In other words, Google Patents is familiar, clean and comforting, but keyword searching is still crap.
If you know exactly what you’re looking for, you may have better luck but not necessarily. Advanced search allows you to search by patent number, inventor, date and so forth. You can also search by classification, US and international, which initially thrilled me, but my magic numbers 27/31 for life signal devices rounded up only a handful of results, none of them relevant (like the martial arts uniform top or “duck on the rock” kids’ game). Out of curiosity, I tried searching for other classification numbers: some results appeared relevant while others, again, were way off.
I’m stumped. USPTO can easily retrieve patents based on classification—if they’re using the same data, why can’t Google? Searching by patent number also retrieves a lot of irrelevant results in GP. Despite specifying a field search, it still seems to be doing a keyword search. Many patents refer to other similar patents (including their numbers) to explain how this new one compares or deviates, which can be helpful if researching the evolution of an invention or process. But extraneous, completely different items end up in the mix, too, which frustrates and impedes.
Because I couldn’t generate a list of what I wanted in Google Patents, I used the USPTO 27/31 list to grab the patent numbers which I then searched for in GP to compile a list of life signal coffin devices for the DeathRef post. These are linked to the easy-to-view and use (once you find them) GP patents.
As the titles of these patents are often similar or vague, I annotated a few of them with quotes from the patents. This is where the plain text view came in handy—for easy copy and pasting. But what really blew my mind is the clipping feature found in the upper right:
With Clip you can select with a bounding box any part of a PDF then immediately grab the embed code for the image and presumably do whatever you want with it. I threw a handful into the DeathRef post. These patents have marvelous line drawings—I had planned to download PDFs or take manual screenshots, resize as needed, upload them to the blog then link back to the PDFs. The clipping feature did everything automatically and instantly. Wowza!
I don’t know whether Google takes a snapshot of the image and stores it somewhere, or if the code is a script that generates the image on the fly based on the bounding box parameters—I think it’s the latter. While it’s always good practice to have local copies of images in case something happens to ones stored elsewhere (beyond your control), this is a slick feature I haven’t seen before, from Google or anyone else. I suspect it’s the absence of copyright that makes this possible more so than newly discovered technical ingenuity, but still—so handy, so cool.
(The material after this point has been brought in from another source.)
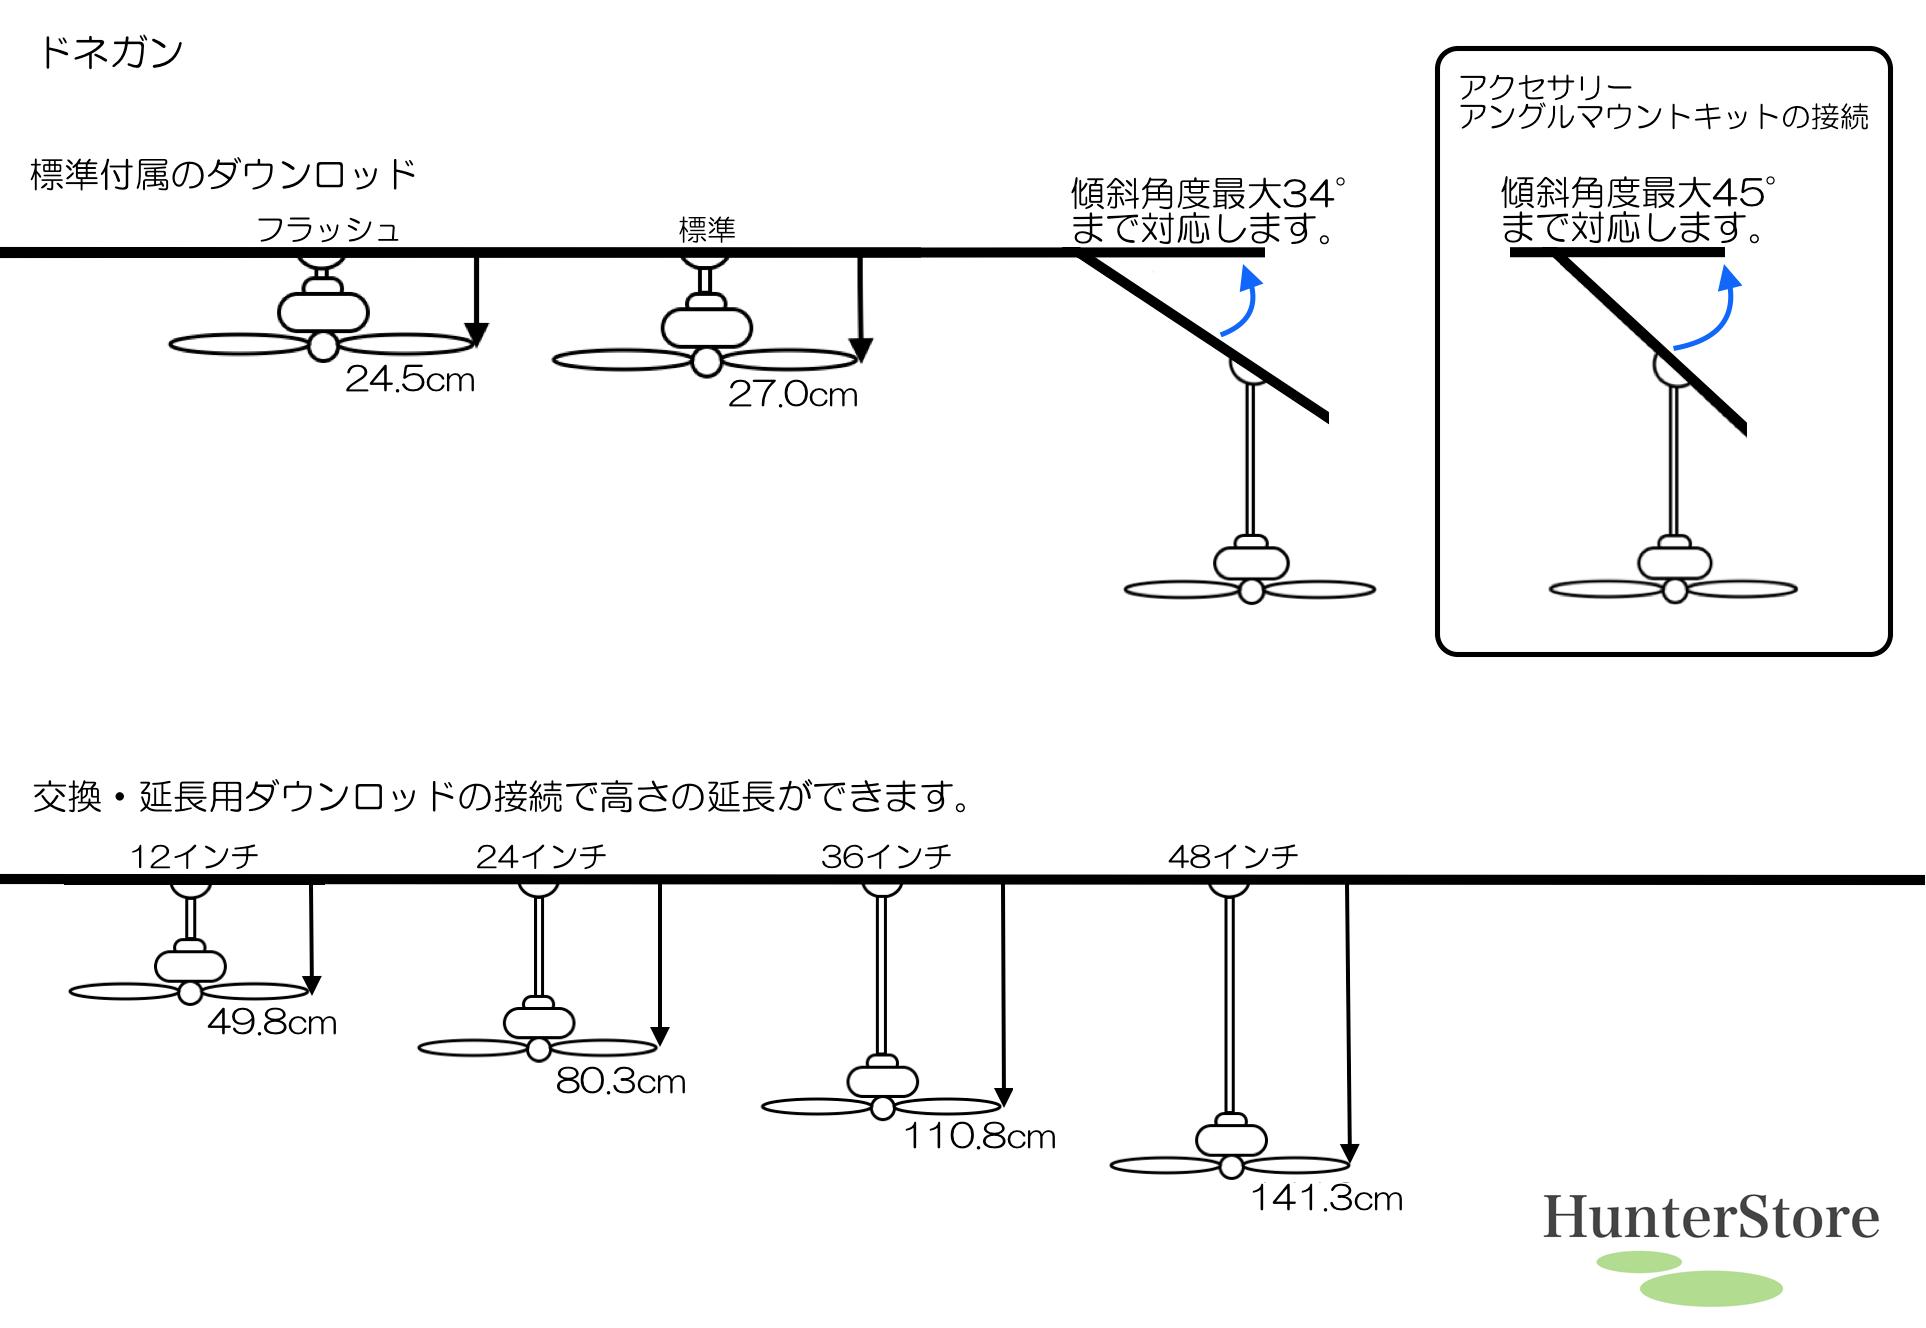 ドネガン 照明キット付【壁コントローラ・24㌅61cmダウンロッド付】 - 画像2

In conclusion, I love what Google Patents is doing but arughg! it could be so much better. I have a hunch making improvements on providing access to something in theory already available is of pretty low priority, however—and it does say it’s beta, so *deep breath* I can settle down. And in the meantime, be excited. For all the endless ventures and questionable agendas of the Google Empire, this one seems pretty innocuous—and neat.